2.1 Manipulate experimental results by switching between cosine learning rate schedules and fixed learning rates (the latter stages of cosine schedules often lead to rapid performance gains, so prematurely reducing the learning rate can make training appear more efficient).

2.2 Slightly increase the learning rate while decreasing the baseline's learning rate.

2.3 Conceal various hyperparameters within the code as "magic numbers."

2.4 Cherry-pick random seeds.

Minor Tweaks

If one tweak is important, it should be stated in the paper. Many papers conceal their tweaks.

3.1 Replace all ReLU activations with Swish or Leaky ReLU/PReLU.

3.2 Add SE (Squeeze-and-Excitation) layers throughout the model, as they generally improve performance; incorporate inexpensive attention connections.

3.3 Replace parameter-free components like pooling and resizing with learnable ones to gain extra capacity.

3.4 Arbitrarily add skip connections between modules and concatenate additional features, as it rarely hurts.

3.5 Add Batch Normalization (BN) where it's absent, remove it where it's present, or experiment with other normalization techniques like Group Normalization (GN), Instance Normalization (IN), Layer Normalization (LN), or Weight Normalization (WN).

3.6 Augment the training set to align with the test set distribution, altering the training set's characteristics.

Incremental Designs

4.1 Incorporate peculiar GAN losses or consistency losses, which are difficult to assess but can fill pages with formulas.
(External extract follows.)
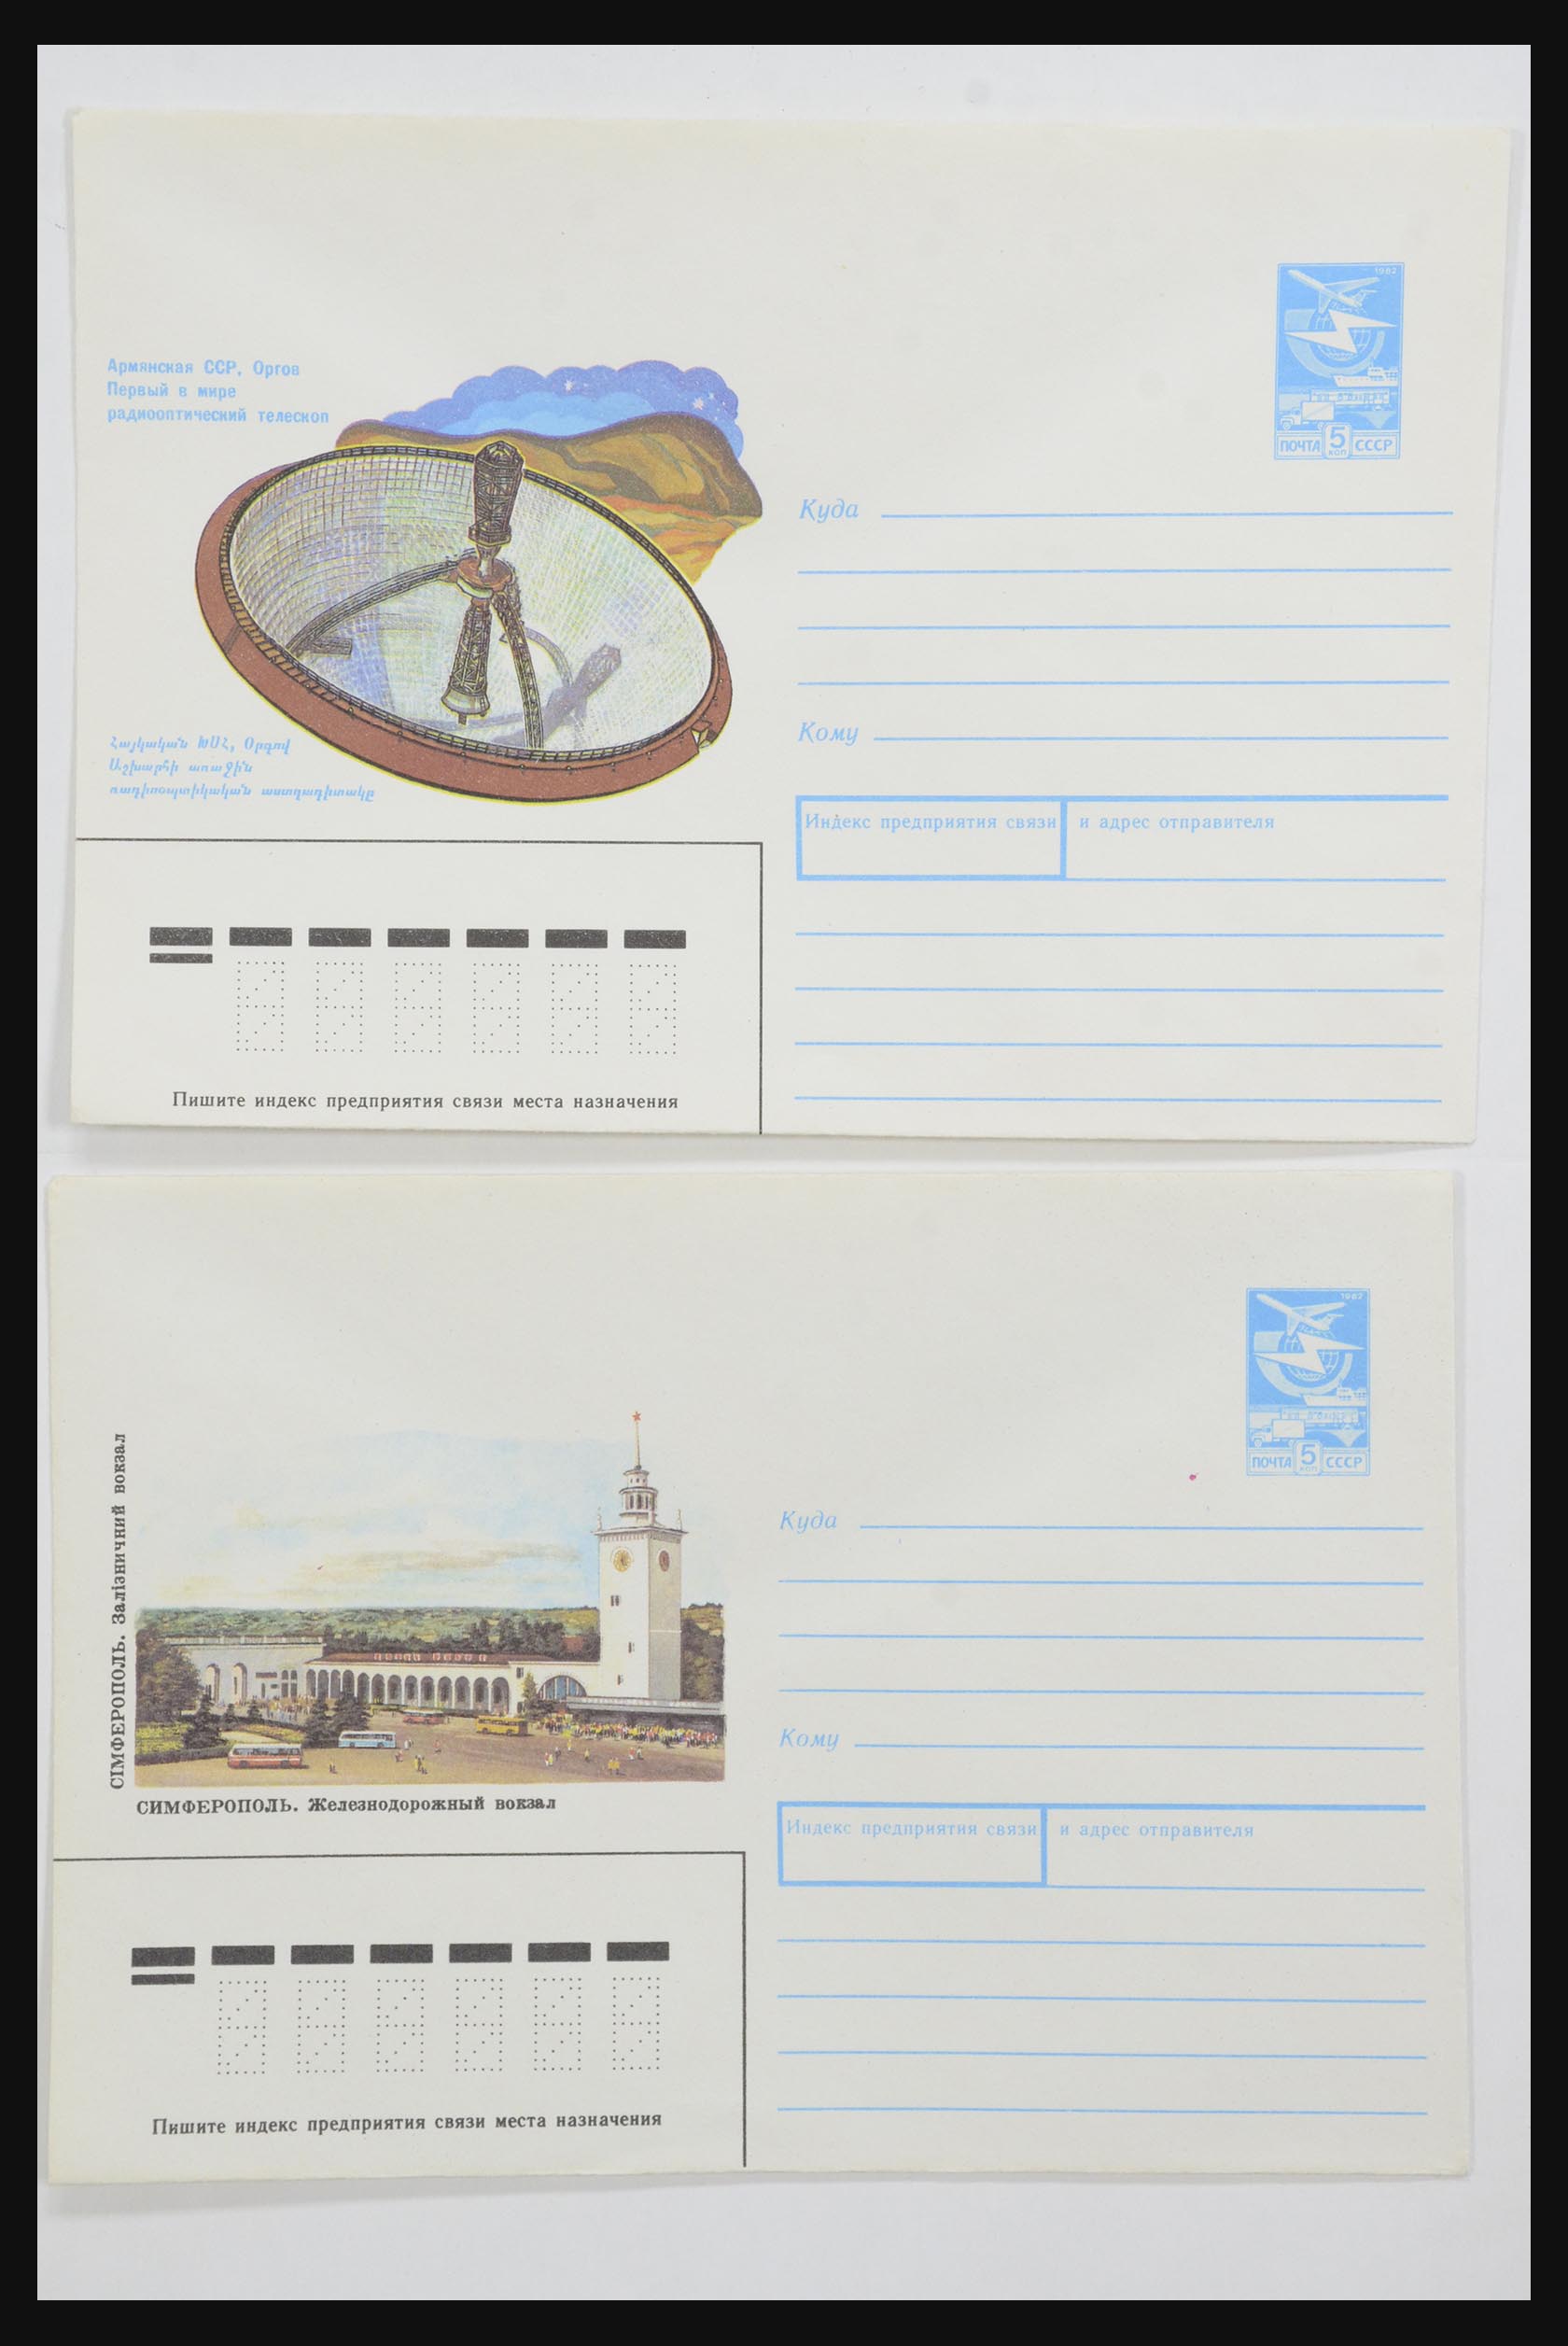 31928 0045 - 31928 Oost Europa brieven jaren 60/90.

4.2 Elaborate on techniques mentioned briefly in others' papers, adding "magical" formula transformations to extend the manuscript.

4.3 When designing a new component x, create a learnable parameter beta initialized to 0, and add beta * x to the model instead of x alone. In the worst case, beta remains 0, leaving the model unchanged.

4.4 Extend the previous point by designing multiple components and combining them with learnable parameters.

4.5 Further extend by incorporating Neural Architecture Search (NAS).

4.6 Utilize pre-trained parameters from other models to elevate the starting point and potential upper bound of the model, akin to adding more data and annotations.

4.7 Implement complex curriculum learning or elaborate distillation techniques (feature-level, cross-modal, etc.). If others struggle to reproduce the results, attribute it to the need for hyperparameter tuning.

4.8 Regardless of utility, apply a reinforcement learning framework to imbue the model with more autonomy.

Evaluation Methods

5.1 Measure ten metrics but only report the three showing improvement.

5.2 Conduct experiments on ten datasets but discard the five without favorable results.

5.3 Deliberately misalign the testing method with others' training scenarios to lower the baseline, e.g., inverting RGB channels to sabotage competitors.

5.4 Invent novel evaluation metrics or modify existing ones, such as measuring PSNR on the Y channel while comparing it to RGB measurements.

5.5 Identify trivial yet overlooked scenarios to demonstrate substantial improvements.

5.6 Compare a large model against others' smaller models without reporting their larger counterparts, or compare a model trained for a specific metric against untrained ones.

5.7 Test on different hardware and report the results together.

5.8 For recent large language models, surreptitiously add hints to test prompts, comparing few-shot and zero-shot performance.

5.9 Indirectly overfit to the test set by leaking data or random seeds, or include test samples in upstream pre-training.

5.10 Introduce real-world scenarios or out-of-distribution (OOD) samples to the test set, causing significant drops in baseline performance. Then, apply augmentations or dropout to recover the lost performance, attributing the gains to other factors.

5.11 Use private test sets with subjective human judgment, allowing arbitrary claims of improvement.

5.12 If objective comparisons fail, resort to subjective ones, and if subjective comparisons fail, selectively present favorable results (cherry-picking).

Ultimate Methods

6.1 Replicate someone else's method but rename it entirely.

6.2 Report high performance but only provide a README when asked for the source code.

6.3 Begin writing the paper without conducting experiments, conveniently surpassing the state-of-the-art by a narrow margin.

Reiterating, the above are cautionary examples meant to serve as a guide against deceptive practices.